But these disagreements and those disagreements between those groups
often hit the press much more than disagreements within Jewish
lobbying organizations. And, of course, as the ambassador knows,
there are disagreements in the Arab world among Arab countries.
Unfortunately, that hurts the Arab message, if there is one, when it
comes to lobbying the Congress or changing American public opinion.
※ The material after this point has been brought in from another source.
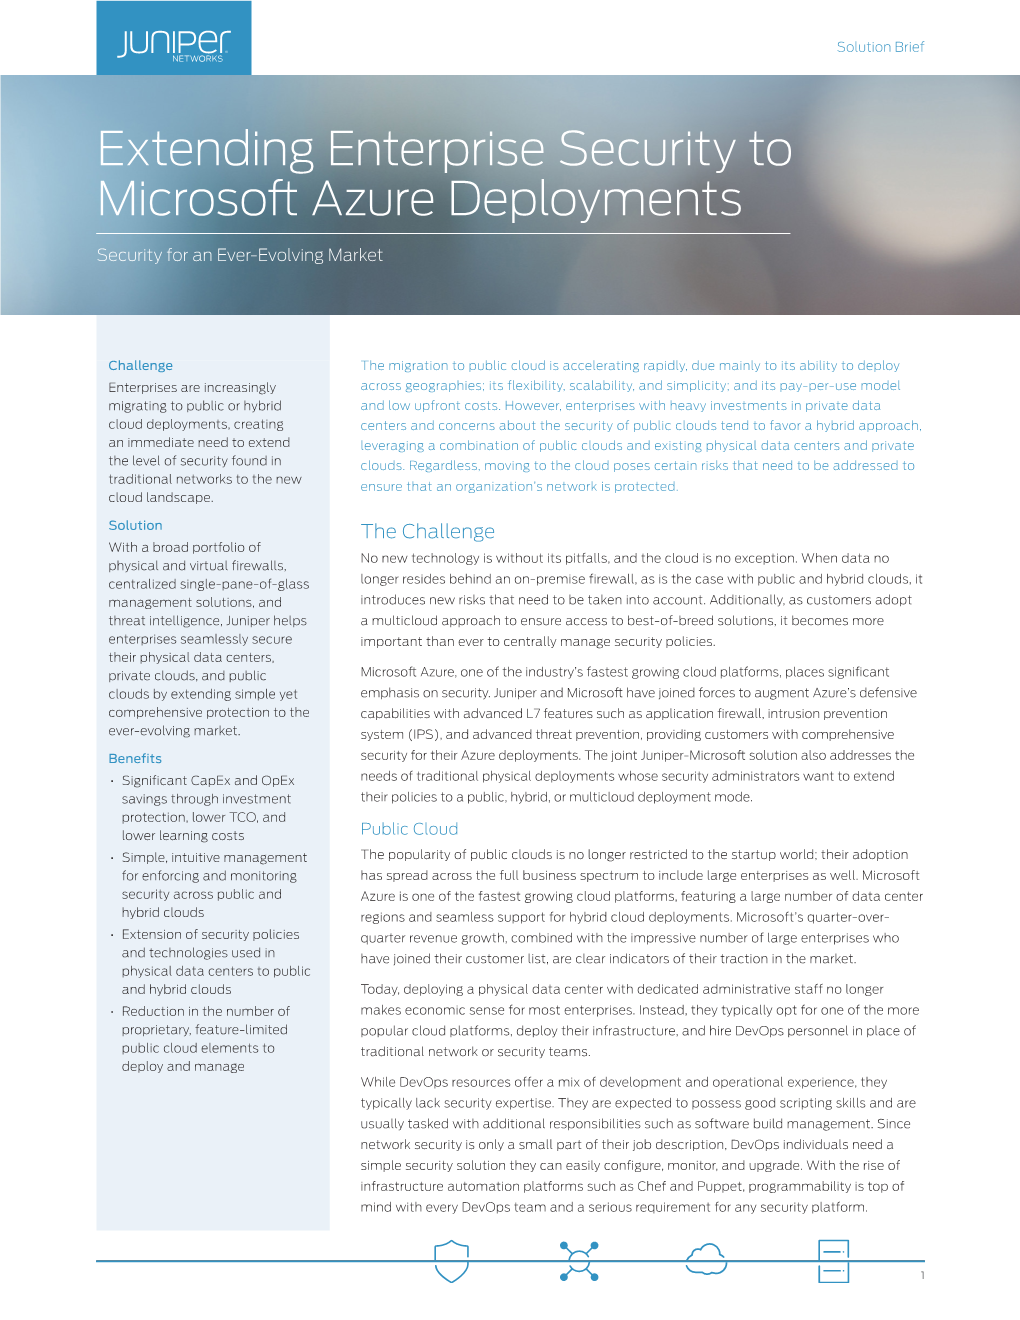 Extending Enterprise Security to Microsoft Azure Deployments
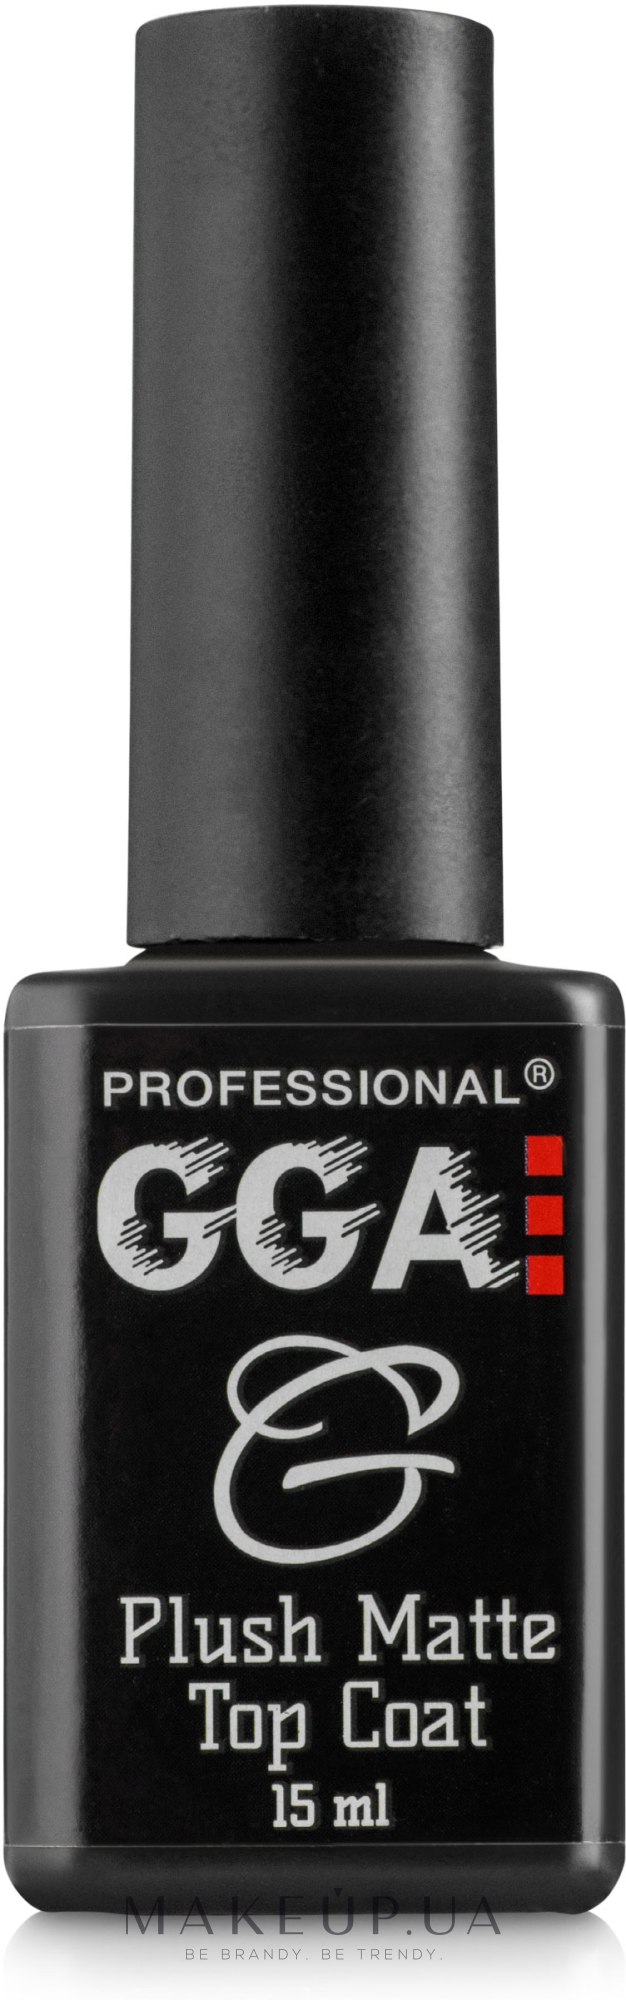 Матовий топ для гель-лаку - GGA Professional Plush Matte Top Coat — фото 15ml

We’re making progress? Yes, I think the more and more that the media
comes around to demonstrating what’s happening on the ground in the
Middle East, the more Americans and legislators travel to the Middle
East—and not with AIPAC, but in an objective fashion—and see the
facts on the ground, the more, at least privately, minds are
changing in this city and on Capitol Hill. Note, I said the word
privately.
So there are groups that lobby in this town that put America’s best interest first, and that is my biggest concern when it comes to the Jewish lobby. There are too many times, and certainly the Mearsheimer and Walt report in 2006—we all recall that report on lobbying or the lobby in this country—gives numerous examples of where American politicians’ minds have been changed when they’ve perhaps almost stepped over that line, or maybe even did step over that line, in criticizing Israel, and maybe even used the words my good friend Paul Findley has used, which is let’s have an objective American foreign policy that allows Americans to be objective so they can bring the sides together and reach a comprehensive peace. That, as we know, has been a trip word that has caused many a politician to run amok of the lobby and therefore have to retract and have to do what has been described that certain candidates for Senate in Maryland has just been doing recently.
Today, ever since 2010, in the Citizens United decision by our illustrious George Bush-appointed Supreme Court, the way lobbying is done, the way campaign expenditures are amassed, is quite different. Today we have unregulated and undisclosed humongous amounts of money being spent in political campaigns. The U.S. Supreme Court and Citizens United opened that up through the Freedom of Speech Clause. Now, I have no problem with freedom of speech. What I have a problem with is the undisclosed nature of that decision, whereby these monies can be given to these independent expenditure groups and nobody will ever know who gave the money to those groups.
Now, when we ran our personal campaigns, every penny coming in had to be reported, every payment going out had to be reported. But not so with these independent expenditures. And by the very nature of their being legal, they cannot be pro- any candidate. They have to be anti-, thereby lending so much more to negativity about campaigns today and the dysfunctionality and the polarization of Congress after the elections. This is certainly one of the biggest factors in that dysfunctionality, it’s this Citizen’s United decision. It’s anti- whether it’s the incumbent or a challenger. The person that benefits from all that negativity never has to report a penny on his or her campaign expenditure, or anything about the millions of dollars of ads ran against their opponent.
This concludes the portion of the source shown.